Based on recent literature suggesting that performance on the CPT may vary over the course of the test session (Julvez et al. 2010
) (scores averaged over the entire testing period could mask these differences), block-specific effect estimates were also investigated. The Julvez et al. (2010)
paradigm divides performance over a 10-min testing period into three sequential stages: a
) orientation, learning, and habituation (first 2 min), b
) processing speed and selective focused attention (next 4 min), and c
) sustained attention (last 4 min). Because our children were younger than those in the Julvez et al. (2010)

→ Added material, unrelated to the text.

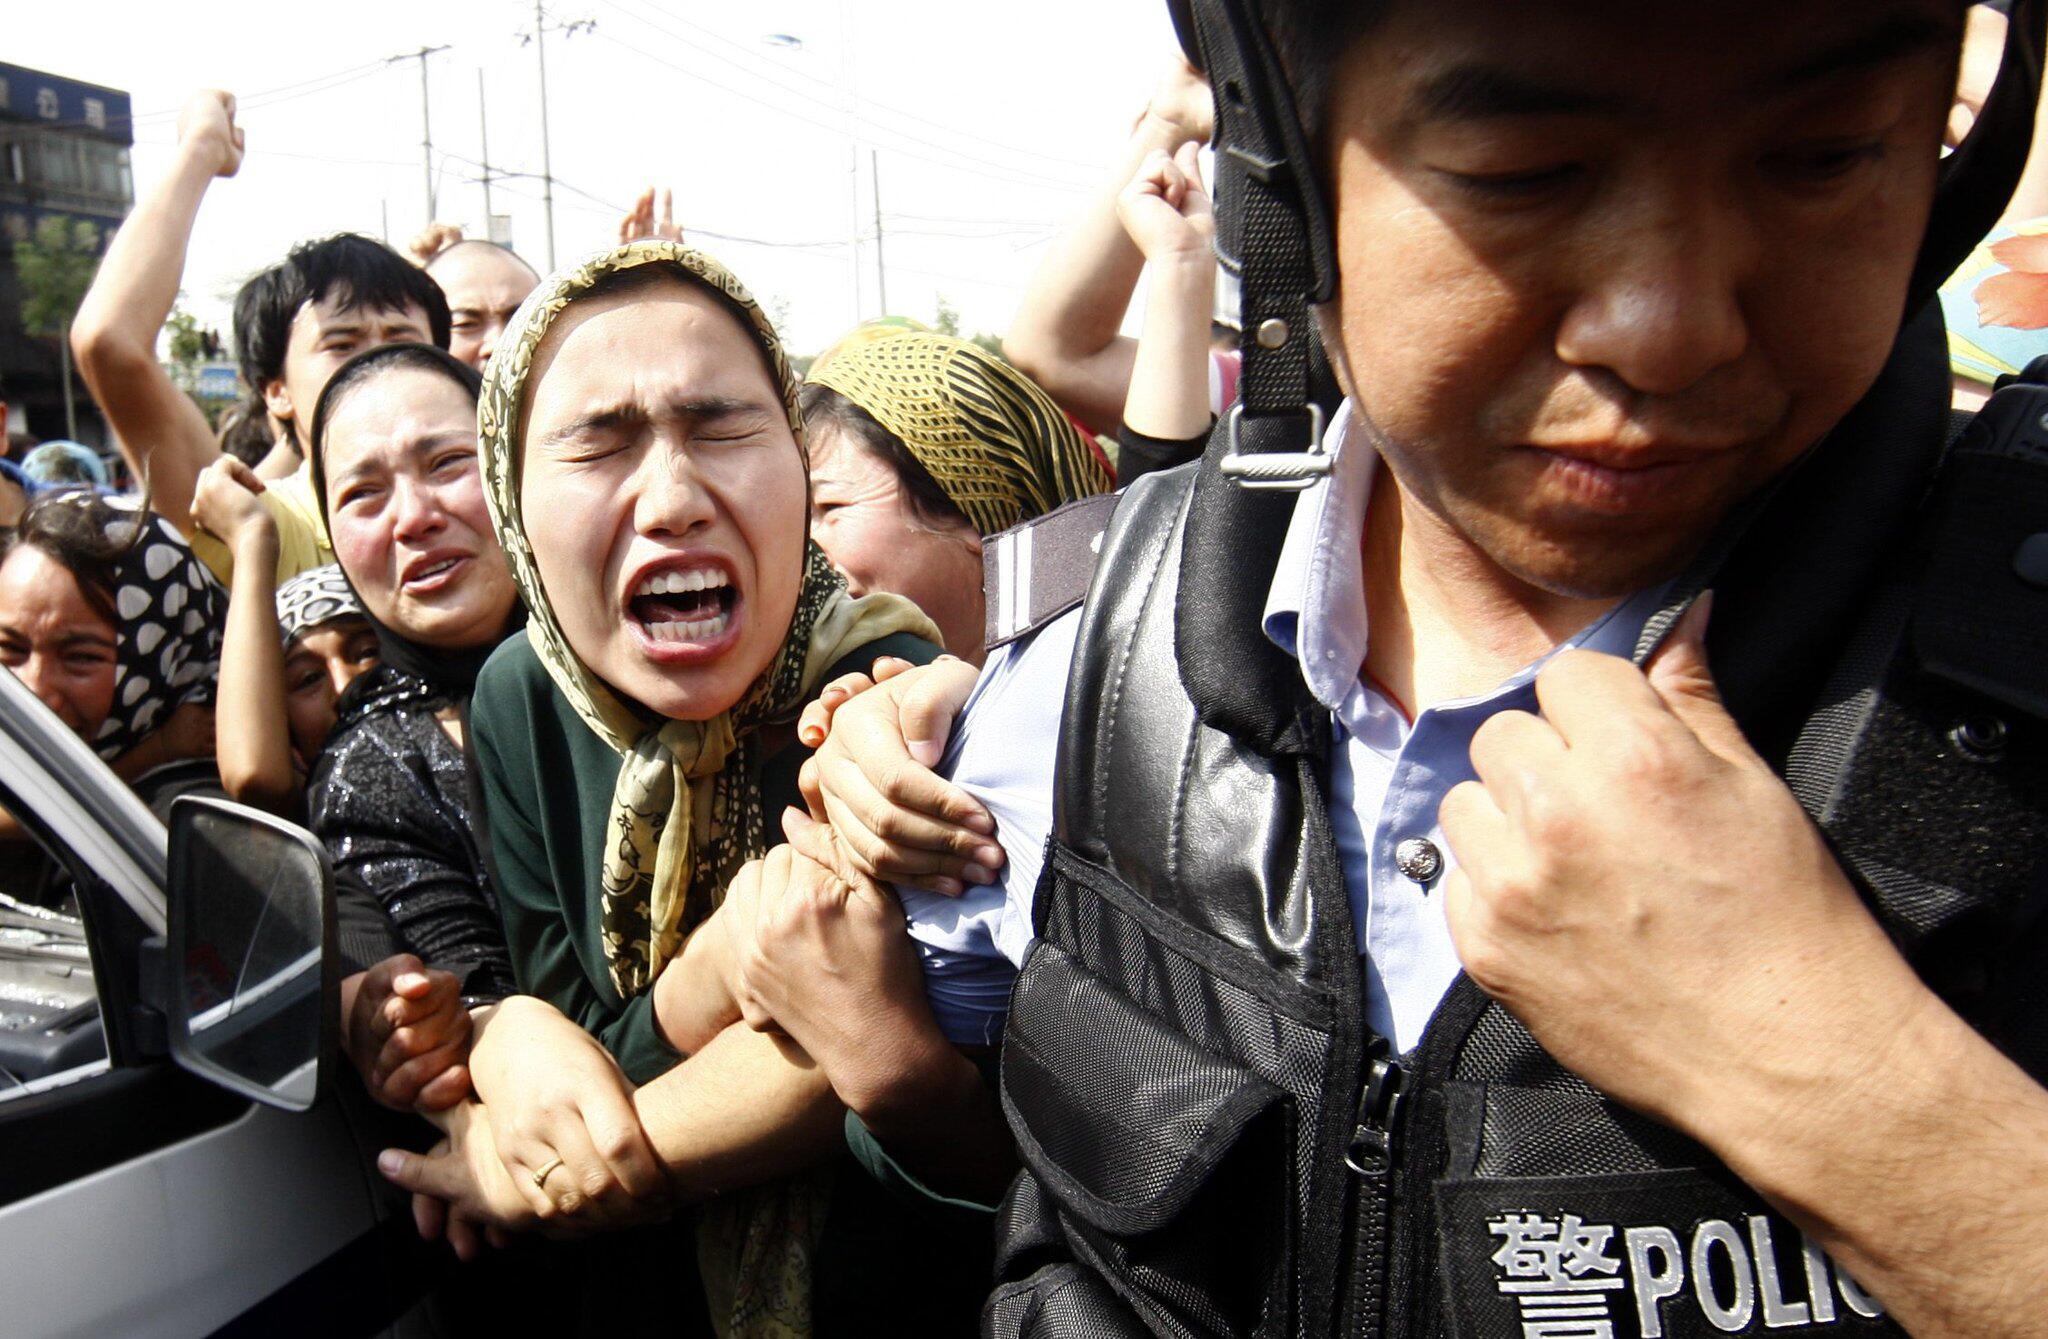 Bild zu Uiguren, Polizei, China, Polizist

study, we used a 4-min CPT, where block 1 is omitted as a training block and blocks 2–4 (1 min each) correspond to Julvez’s three sequential stages. We investigated block-specific results for all four CPT outcomes.
Sensitivity of our results to ADHD medication use was explored by excluding children with parent-reported medication use and recomputing organochlorine exposure–outcome associations. In addition, we investigated the influence of missing covariate data on our results by comparing unadjusted exposure–outcome associations for all children (regardless of whether covariate data was missing) with unadjusted exposure–outcome associations in the subset of children with nonmissing covariate data.
The study protocol was reviewed and approved by the Human Subjects Committees of Harvard School of Public Health and Brigham and Women’s Hospital (Boston, MA) and Southcoast Hospitals Group (New Bedford, MA). Written informed consent was obtained from all participating families before study evaluations.